**Exercise instructions**
Set out exactly every line of the entries below, starting at the line that holds "Fröhliche Weihnachten - Mr. DVD Bean" and stopping after the line that holds "siècle. Banque D'Images".

--- --- ---

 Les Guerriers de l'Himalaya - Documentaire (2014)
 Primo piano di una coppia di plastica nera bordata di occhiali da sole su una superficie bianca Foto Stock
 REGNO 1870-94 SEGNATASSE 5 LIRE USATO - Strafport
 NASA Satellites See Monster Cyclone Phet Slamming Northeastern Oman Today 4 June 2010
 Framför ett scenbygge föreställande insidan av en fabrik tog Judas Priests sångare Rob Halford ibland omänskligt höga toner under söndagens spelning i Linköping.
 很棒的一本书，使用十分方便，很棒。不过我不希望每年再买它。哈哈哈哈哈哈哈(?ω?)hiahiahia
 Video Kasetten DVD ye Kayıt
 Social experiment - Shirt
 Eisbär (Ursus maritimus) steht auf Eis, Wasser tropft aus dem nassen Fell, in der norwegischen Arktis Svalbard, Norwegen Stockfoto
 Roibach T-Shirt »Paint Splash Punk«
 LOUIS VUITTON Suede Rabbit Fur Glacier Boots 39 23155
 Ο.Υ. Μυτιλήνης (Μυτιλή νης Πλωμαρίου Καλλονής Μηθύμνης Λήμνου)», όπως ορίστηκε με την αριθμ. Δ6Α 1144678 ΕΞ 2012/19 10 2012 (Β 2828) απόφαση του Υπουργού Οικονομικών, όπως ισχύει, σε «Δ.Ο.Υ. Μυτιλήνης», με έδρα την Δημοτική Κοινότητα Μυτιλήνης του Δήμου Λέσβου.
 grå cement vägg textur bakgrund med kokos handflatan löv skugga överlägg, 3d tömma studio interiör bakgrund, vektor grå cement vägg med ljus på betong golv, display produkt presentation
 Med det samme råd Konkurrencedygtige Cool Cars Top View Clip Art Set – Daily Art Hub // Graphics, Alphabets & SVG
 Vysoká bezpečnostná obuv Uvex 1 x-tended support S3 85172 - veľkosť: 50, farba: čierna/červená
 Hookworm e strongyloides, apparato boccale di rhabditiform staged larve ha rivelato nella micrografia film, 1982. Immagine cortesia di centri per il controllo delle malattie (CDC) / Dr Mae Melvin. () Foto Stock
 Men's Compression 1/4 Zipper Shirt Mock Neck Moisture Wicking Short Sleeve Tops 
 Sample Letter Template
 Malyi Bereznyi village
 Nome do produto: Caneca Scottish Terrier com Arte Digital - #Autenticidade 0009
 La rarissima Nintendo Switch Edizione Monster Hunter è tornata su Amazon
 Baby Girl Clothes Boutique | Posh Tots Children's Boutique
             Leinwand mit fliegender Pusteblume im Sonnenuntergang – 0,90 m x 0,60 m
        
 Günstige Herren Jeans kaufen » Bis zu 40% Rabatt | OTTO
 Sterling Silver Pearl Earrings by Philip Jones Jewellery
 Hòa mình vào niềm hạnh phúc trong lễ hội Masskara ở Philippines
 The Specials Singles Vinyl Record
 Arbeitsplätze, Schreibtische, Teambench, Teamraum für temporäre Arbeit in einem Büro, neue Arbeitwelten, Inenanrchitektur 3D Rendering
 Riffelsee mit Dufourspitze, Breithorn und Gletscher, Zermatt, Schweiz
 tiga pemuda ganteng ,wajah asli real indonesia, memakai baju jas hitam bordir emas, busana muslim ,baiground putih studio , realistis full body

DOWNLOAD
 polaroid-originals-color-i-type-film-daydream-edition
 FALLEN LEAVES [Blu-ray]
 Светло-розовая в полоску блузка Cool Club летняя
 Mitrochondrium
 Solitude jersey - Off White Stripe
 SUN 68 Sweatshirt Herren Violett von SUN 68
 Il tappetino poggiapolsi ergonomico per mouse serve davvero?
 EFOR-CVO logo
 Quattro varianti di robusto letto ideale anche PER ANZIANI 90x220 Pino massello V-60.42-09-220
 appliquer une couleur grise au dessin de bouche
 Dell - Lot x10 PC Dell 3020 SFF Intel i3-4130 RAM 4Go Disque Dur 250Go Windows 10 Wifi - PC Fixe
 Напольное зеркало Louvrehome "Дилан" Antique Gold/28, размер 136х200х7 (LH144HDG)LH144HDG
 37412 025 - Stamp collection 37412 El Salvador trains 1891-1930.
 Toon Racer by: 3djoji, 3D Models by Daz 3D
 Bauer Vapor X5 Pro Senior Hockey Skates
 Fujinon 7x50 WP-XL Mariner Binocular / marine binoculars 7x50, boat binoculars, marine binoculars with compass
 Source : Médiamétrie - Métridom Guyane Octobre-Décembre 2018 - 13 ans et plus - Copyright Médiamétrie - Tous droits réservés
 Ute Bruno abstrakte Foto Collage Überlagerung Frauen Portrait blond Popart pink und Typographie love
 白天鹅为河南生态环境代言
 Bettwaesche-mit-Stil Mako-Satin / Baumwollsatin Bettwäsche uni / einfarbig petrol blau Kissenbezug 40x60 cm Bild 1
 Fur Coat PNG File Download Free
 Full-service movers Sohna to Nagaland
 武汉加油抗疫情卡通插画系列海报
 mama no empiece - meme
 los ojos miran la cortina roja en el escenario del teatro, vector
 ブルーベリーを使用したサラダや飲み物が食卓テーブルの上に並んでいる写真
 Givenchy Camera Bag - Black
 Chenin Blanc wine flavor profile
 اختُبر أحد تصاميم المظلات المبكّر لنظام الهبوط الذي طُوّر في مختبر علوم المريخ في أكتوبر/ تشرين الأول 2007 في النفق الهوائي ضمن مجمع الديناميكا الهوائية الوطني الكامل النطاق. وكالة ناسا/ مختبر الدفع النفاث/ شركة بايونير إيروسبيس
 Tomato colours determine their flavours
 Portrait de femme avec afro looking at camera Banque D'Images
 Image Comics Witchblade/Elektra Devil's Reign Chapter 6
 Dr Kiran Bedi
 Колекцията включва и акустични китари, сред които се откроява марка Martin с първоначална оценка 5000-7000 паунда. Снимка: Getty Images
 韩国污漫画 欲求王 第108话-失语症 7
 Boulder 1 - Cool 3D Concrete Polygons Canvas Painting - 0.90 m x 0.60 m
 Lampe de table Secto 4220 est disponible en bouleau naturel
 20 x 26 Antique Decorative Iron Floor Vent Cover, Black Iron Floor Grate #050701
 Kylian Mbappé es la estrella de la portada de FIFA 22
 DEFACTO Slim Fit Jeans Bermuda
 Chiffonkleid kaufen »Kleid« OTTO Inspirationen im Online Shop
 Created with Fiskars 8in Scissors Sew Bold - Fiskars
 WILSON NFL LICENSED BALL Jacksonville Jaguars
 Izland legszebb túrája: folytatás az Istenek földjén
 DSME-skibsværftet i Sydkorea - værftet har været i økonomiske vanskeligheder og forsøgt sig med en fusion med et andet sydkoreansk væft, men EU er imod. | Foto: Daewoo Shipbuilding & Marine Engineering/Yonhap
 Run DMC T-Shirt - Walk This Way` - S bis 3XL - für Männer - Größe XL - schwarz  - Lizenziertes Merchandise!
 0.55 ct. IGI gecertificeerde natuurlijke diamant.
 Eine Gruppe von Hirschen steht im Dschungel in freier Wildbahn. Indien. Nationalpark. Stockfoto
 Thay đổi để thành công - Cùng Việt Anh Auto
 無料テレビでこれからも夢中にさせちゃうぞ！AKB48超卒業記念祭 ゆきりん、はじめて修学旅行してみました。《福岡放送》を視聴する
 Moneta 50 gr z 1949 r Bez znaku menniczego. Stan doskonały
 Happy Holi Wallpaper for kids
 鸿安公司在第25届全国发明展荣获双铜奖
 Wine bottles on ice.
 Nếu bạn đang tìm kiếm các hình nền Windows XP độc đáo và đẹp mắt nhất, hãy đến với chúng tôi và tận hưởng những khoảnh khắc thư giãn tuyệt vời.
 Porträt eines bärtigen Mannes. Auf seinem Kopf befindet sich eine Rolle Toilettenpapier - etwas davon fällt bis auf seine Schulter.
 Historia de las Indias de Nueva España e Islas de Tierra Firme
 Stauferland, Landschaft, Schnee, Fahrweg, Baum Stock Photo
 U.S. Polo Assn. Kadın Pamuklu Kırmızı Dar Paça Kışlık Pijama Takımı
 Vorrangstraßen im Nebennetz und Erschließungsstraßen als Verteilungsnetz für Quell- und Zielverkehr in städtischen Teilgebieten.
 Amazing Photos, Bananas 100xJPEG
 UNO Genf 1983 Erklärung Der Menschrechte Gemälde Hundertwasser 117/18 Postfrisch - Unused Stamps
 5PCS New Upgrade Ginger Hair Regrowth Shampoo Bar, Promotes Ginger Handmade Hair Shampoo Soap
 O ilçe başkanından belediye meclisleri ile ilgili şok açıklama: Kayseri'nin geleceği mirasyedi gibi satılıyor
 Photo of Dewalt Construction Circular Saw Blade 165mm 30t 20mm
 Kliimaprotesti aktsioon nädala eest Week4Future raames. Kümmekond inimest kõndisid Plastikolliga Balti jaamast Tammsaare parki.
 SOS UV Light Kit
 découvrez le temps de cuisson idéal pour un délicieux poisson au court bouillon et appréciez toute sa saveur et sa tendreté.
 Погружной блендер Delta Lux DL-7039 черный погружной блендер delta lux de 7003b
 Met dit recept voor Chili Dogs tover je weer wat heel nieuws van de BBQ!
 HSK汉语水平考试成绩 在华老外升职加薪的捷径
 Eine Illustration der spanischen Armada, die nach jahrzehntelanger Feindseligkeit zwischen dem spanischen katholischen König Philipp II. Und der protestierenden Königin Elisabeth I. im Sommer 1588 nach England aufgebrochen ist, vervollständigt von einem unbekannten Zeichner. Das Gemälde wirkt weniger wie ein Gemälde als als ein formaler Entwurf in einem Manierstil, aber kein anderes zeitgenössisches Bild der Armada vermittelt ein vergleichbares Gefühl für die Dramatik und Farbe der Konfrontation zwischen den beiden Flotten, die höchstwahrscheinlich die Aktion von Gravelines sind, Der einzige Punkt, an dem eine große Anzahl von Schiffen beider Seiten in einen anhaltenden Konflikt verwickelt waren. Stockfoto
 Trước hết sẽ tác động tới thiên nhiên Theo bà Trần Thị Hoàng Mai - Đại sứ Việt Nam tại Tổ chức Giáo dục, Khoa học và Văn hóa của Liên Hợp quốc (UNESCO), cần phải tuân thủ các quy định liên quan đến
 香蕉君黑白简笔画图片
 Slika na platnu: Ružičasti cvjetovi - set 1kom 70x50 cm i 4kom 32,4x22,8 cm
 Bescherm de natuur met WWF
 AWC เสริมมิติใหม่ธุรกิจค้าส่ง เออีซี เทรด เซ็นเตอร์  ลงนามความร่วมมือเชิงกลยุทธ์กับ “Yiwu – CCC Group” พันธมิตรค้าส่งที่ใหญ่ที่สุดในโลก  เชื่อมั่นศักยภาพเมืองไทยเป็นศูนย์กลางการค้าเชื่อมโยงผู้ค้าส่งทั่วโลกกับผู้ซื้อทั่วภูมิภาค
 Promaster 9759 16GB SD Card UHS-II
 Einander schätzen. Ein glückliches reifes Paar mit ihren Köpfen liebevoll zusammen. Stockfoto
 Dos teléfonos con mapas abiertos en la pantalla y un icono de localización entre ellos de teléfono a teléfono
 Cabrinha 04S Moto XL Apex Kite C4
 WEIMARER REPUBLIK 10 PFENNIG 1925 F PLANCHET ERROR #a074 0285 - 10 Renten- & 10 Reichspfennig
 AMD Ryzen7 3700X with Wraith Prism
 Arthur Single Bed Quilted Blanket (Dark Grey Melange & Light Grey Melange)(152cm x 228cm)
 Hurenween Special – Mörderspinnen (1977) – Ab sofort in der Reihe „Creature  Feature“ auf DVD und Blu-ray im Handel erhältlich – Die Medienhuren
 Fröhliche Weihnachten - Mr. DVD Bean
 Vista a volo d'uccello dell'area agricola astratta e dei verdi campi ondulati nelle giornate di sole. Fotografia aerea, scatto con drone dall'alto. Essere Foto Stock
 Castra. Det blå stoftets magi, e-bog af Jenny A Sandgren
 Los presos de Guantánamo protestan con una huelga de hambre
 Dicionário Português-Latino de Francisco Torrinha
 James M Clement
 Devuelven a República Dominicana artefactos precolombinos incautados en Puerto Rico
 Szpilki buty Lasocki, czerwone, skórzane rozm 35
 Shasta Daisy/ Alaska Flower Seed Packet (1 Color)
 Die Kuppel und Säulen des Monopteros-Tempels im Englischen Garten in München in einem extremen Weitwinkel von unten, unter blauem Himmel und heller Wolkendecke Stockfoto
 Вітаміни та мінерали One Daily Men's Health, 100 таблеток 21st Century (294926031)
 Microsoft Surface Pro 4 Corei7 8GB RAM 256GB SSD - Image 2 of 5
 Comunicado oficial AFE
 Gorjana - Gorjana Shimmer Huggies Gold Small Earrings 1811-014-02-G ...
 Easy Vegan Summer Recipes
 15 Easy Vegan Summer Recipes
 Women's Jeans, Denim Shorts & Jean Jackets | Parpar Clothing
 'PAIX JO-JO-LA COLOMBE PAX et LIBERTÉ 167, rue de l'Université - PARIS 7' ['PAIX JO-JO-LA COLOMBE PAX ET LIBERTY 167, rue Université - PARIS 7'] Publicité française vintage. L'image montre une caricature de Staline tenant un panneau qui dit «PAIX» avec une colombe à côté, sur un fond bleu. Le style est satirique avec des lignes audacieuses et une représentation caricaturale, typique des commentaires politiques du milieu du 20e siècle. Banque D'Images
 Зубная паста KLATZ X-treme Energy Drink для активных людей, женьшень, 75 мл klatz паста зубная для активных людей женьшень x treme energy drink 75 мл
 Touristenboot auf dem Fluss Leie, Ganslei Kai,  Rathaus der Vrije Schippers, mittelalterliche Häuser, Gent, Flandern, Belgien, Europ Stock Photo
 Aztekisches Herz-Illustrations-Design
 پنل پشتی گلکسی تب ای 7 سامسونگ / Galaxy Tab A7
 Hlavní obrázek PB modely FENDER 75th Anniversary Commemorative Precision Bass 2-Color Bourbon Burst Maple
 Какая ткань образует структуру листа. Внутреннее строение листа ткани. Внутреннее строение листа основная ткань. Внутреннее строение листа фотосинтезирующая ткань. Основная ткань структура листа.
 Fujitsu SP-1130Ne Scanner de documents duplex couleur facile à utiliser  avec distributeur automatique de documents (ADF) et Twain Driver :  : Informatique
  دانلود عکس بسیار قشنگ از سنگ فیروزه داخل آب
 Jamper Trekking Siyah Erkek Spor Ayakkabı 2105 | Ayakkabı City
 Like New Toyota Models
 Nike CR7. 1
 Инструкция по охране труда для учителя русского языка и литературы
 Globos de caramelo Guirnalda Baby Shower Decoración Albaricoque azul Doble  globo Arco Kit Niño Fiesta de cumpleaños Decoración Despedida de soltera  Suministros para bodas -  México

--- --- ---

**Result**
 Fröhliche Weihnachten - Mr. DVD Bean
 Vista a volo d'uccello dell'area agricola astratta e dei verdi campi ondulati nelle giornate di sole. Fotografia aerea, scatto con drone dall'alto. Essere Foto Stock
 Castra. Det blå stoftets magi, e-bog af Jenny A Sandgren
 Los presos de Guantánamo protestan con una huelga de hambre
 Dicionário Português-Latino de Francisco Torrinha
 James M Clement
 Devuelven a República Dominicana artefactos precolombinos incautados en Puerto Rico
 Szpilki buty Lasocki, czerwone, skórzane rozm 35
 Shasta Daisy/ Alaska Flower Seed Packet (1 Color)
 Die Kuppel und Säulen des Monopteros-Tempels im Englischen Garten in München in einem extremen Weitwinkel von unten, unter blauem Himmel und heller Wolkendecke Stockfoto
 Вітаміни та мінерали One Daily Men's Health, 100 таблеток 21st Century (294926031)
 Microsoft Surface Pro 4 Corei7 8GB RAM 256GB SSD - Image 2 of 5
 Comunicado oficial AFE
 Gorjana - Gorjana Shimmer Huggies Gold Small Earrings 1811-014-02-G ...
 Easy Vegan Summer Recipes
 15 Easy Vegan Summer Recipes
 Women's Jeans, Denim Shorts & Jean Jackets | Parpar Clothing
 'PAIX JO-JO-LA COLOMBE PAX et LIBERTÉ 167, rue de l'Université - PARIS 7' ['PAIX JO-JO-LA COLOMBE PAX ET LIBERTY 167, rue Université - PARIS 7'] Publicité française vintage. L'image montre une caricature de Staline tenant un panneau qui dit «PAIX» avec une colombe à côté, sur un fond bleu. Le style est satirique avec des lignes audacieuses et une représentation caricaturale, typique des commentaires politiques du milieu du 20e siècle. Banque D'Images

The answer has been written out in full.